- [TO DO]: Skip the pictures and restate, word for word, the lines from the one containing "Louis Vuitton Sully" to the end of the data below.

- [DATA PROVIDED]:
********
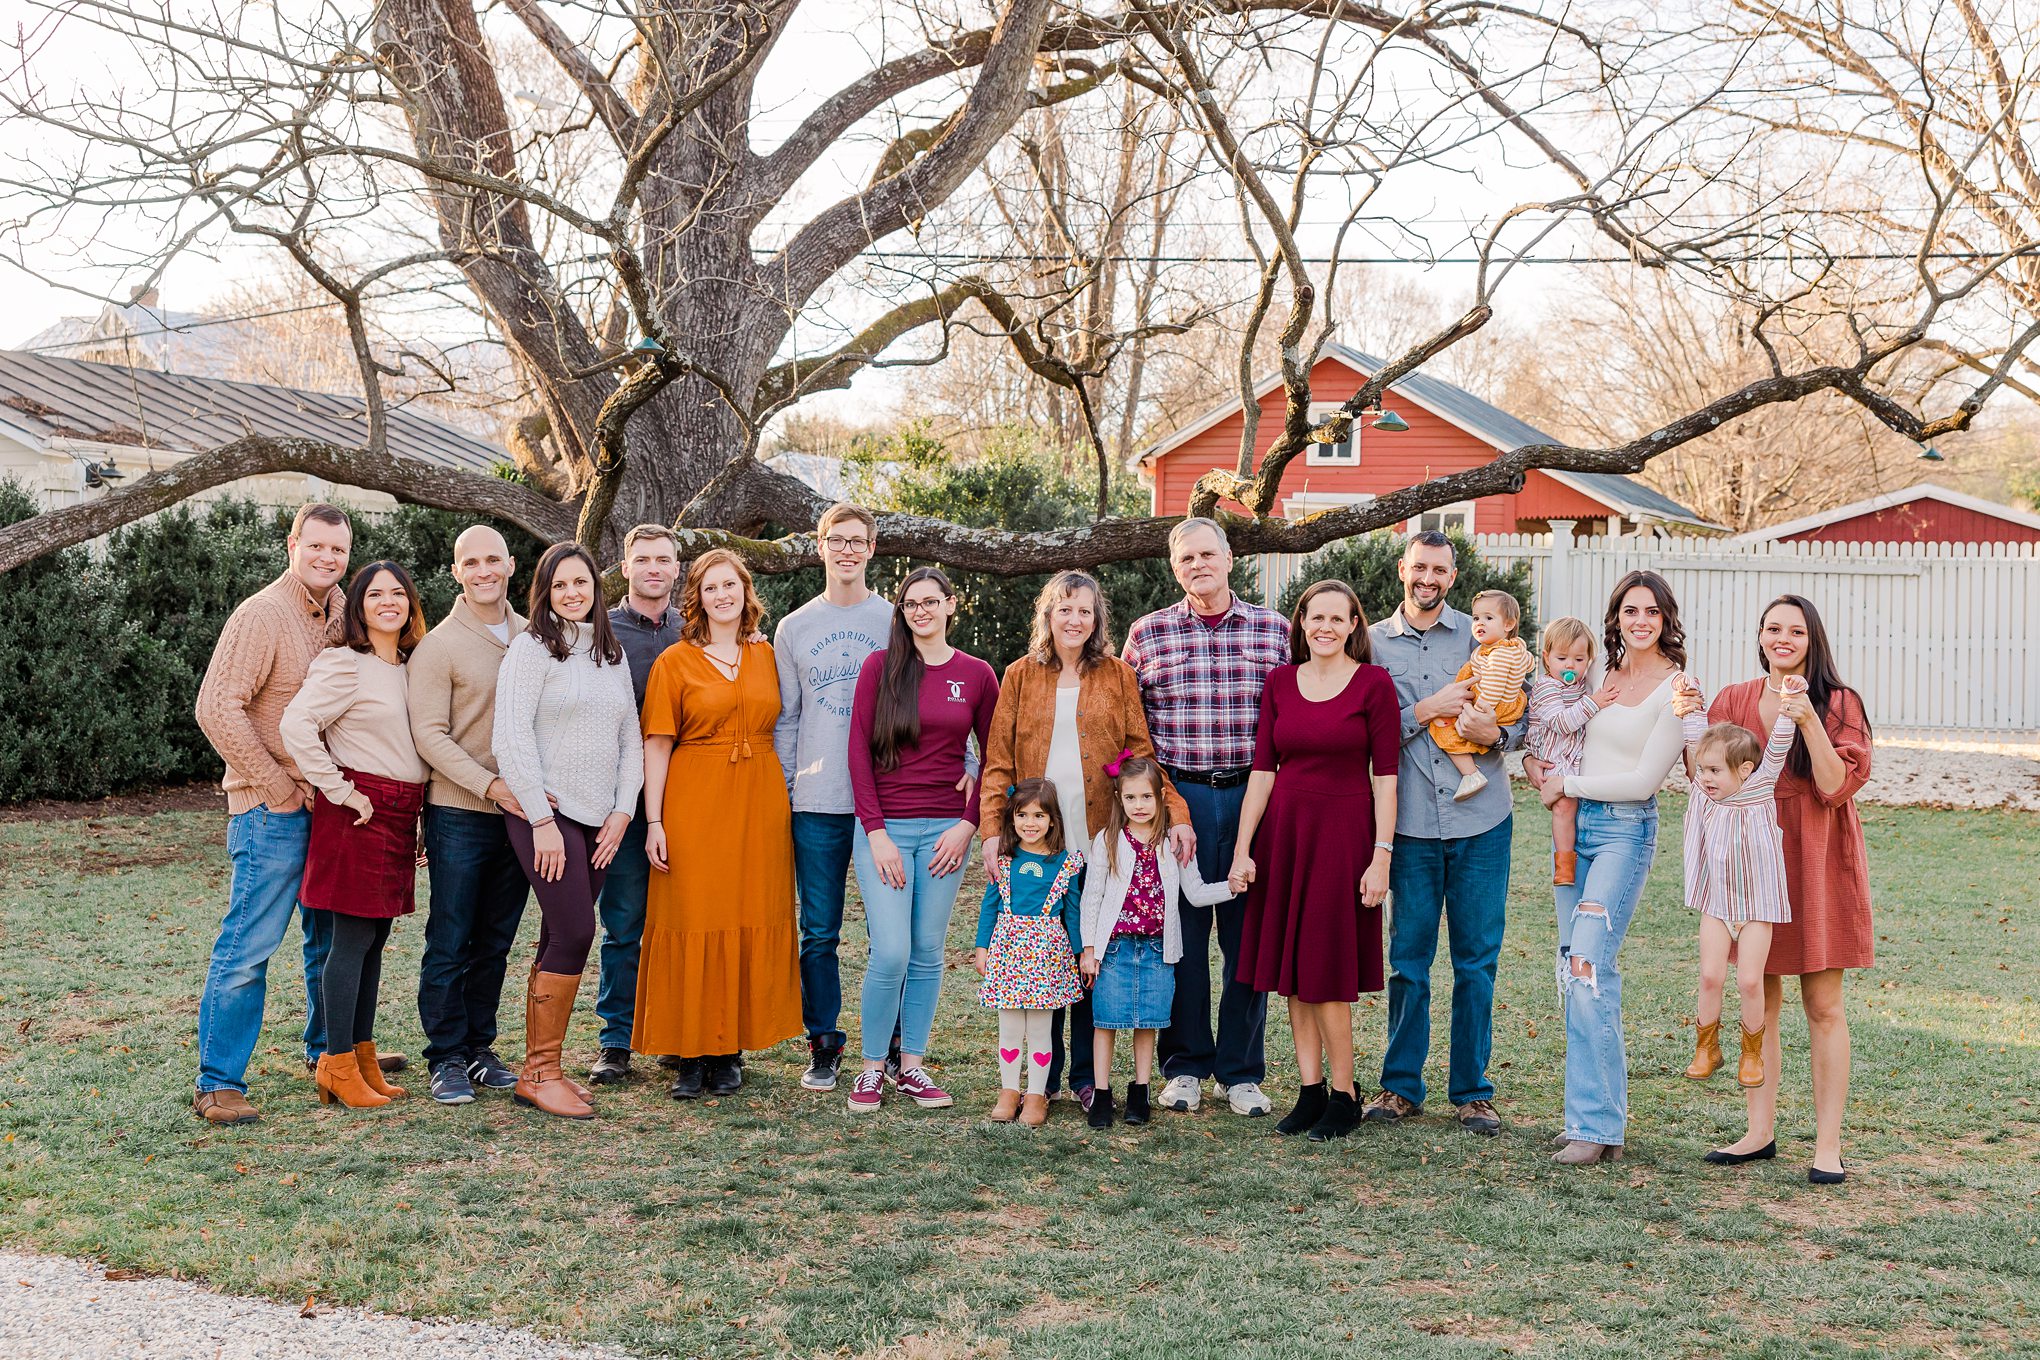 large outdoor extended family photo
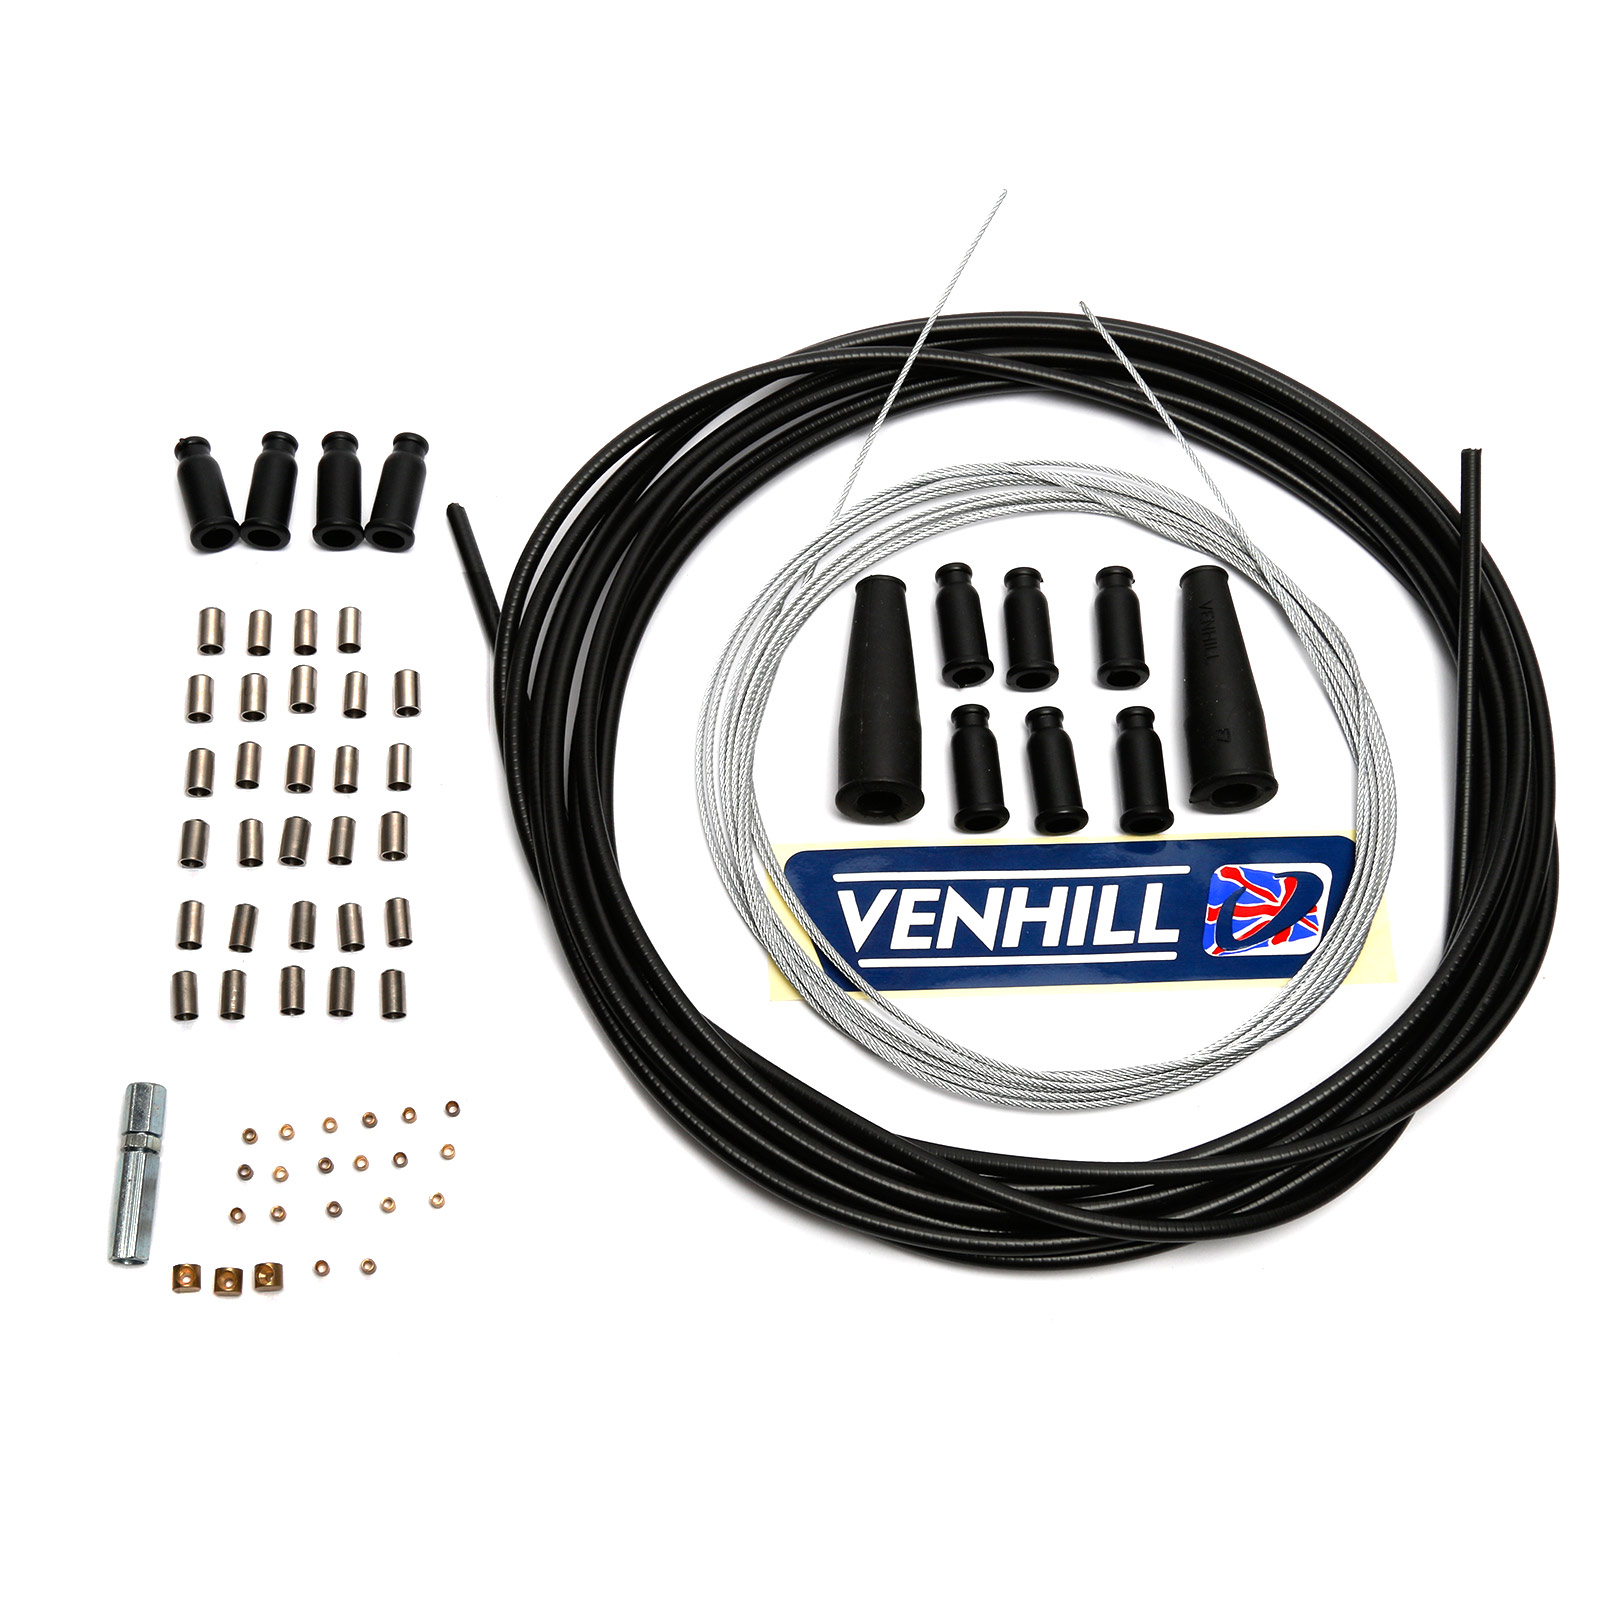 Venhill Diy Workshop Motorcycle Throttle Cable Kit 5m Ferrules Nipples More Mpw
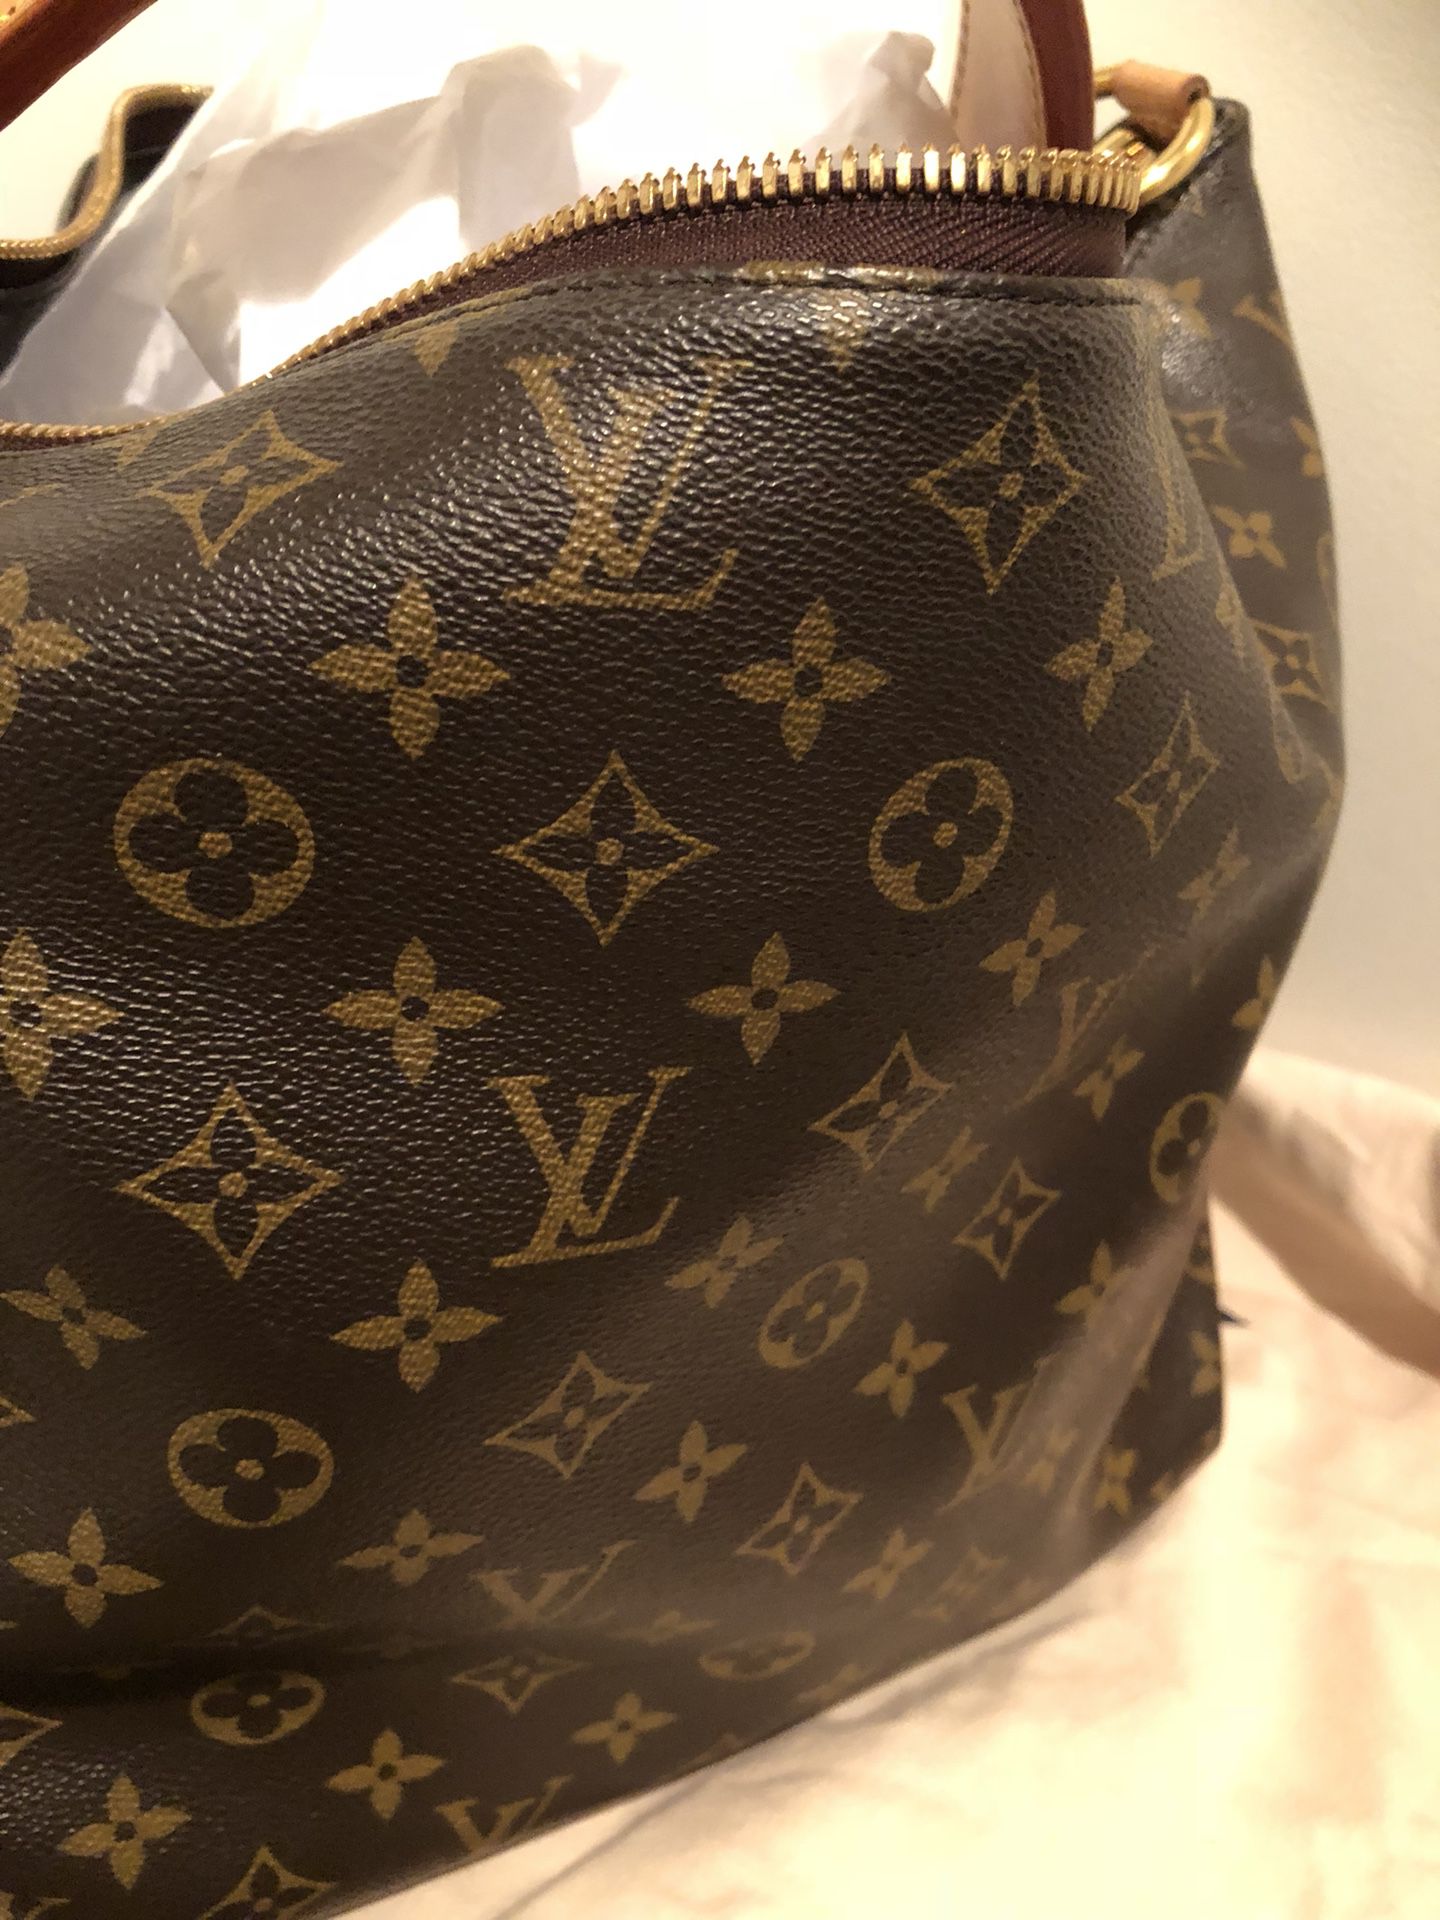 Louis Vuitton Sully MM ( Discontinued) for Sale in Phoenix, AZ - OfferUp
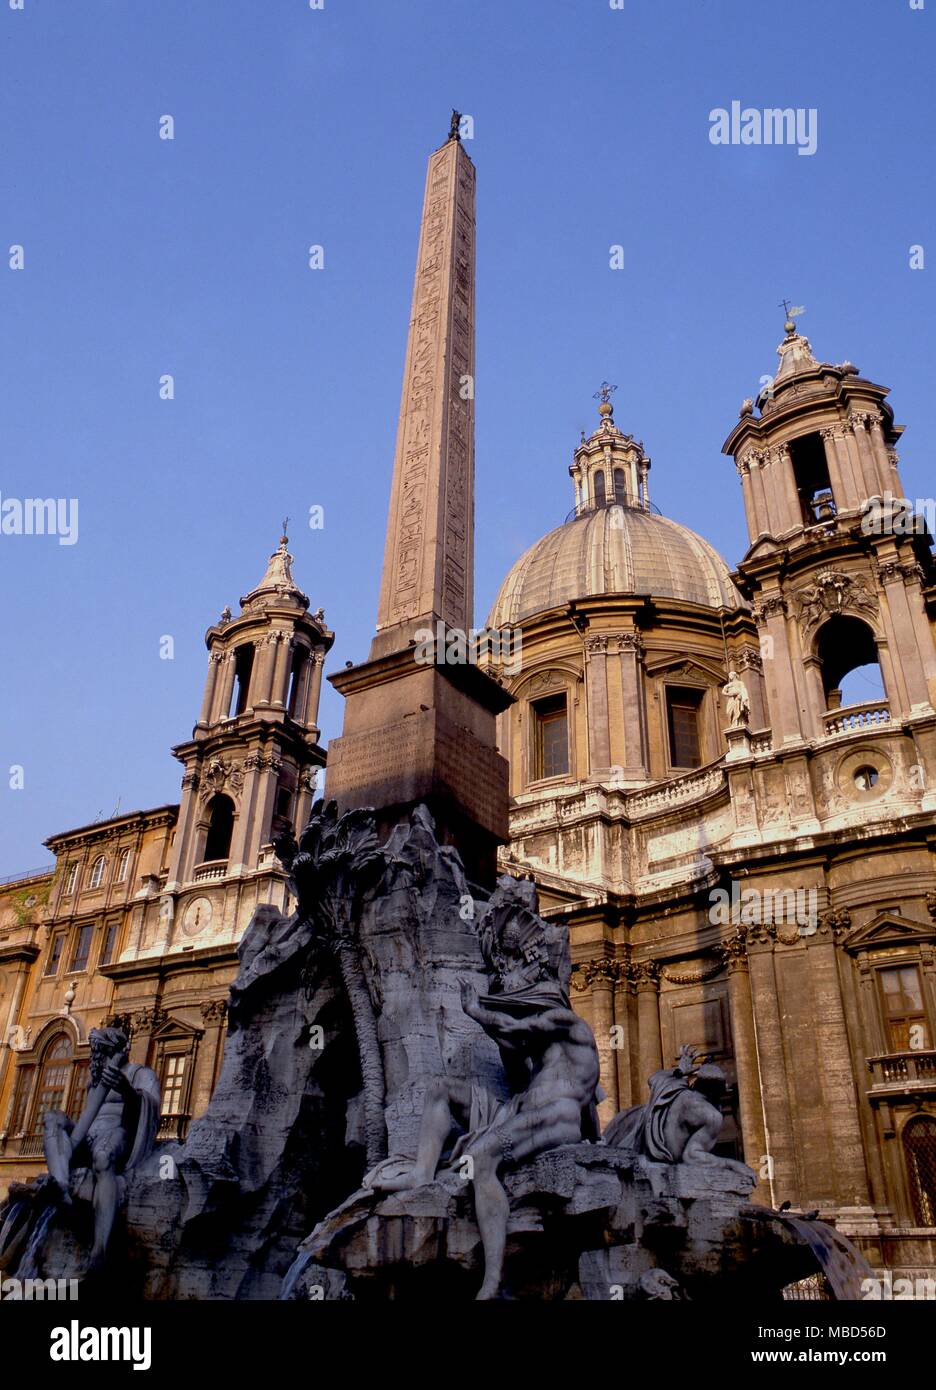 Rome, the Piazza Navona. The church of Sant'Agnese in Agone behind the Fountain of the Four Rivers. Stock Photo
********
- [OUTPUT FOR THIS TASK]:
 Louis Vuitton Sully MM ( Discontinued) for Sale in Phoenix, AZ - OfferUp
 Rome, the Piazza Navona. The church of Sant'Agnese in Agone behind the Fountain of the Four Rivers. Stock Photo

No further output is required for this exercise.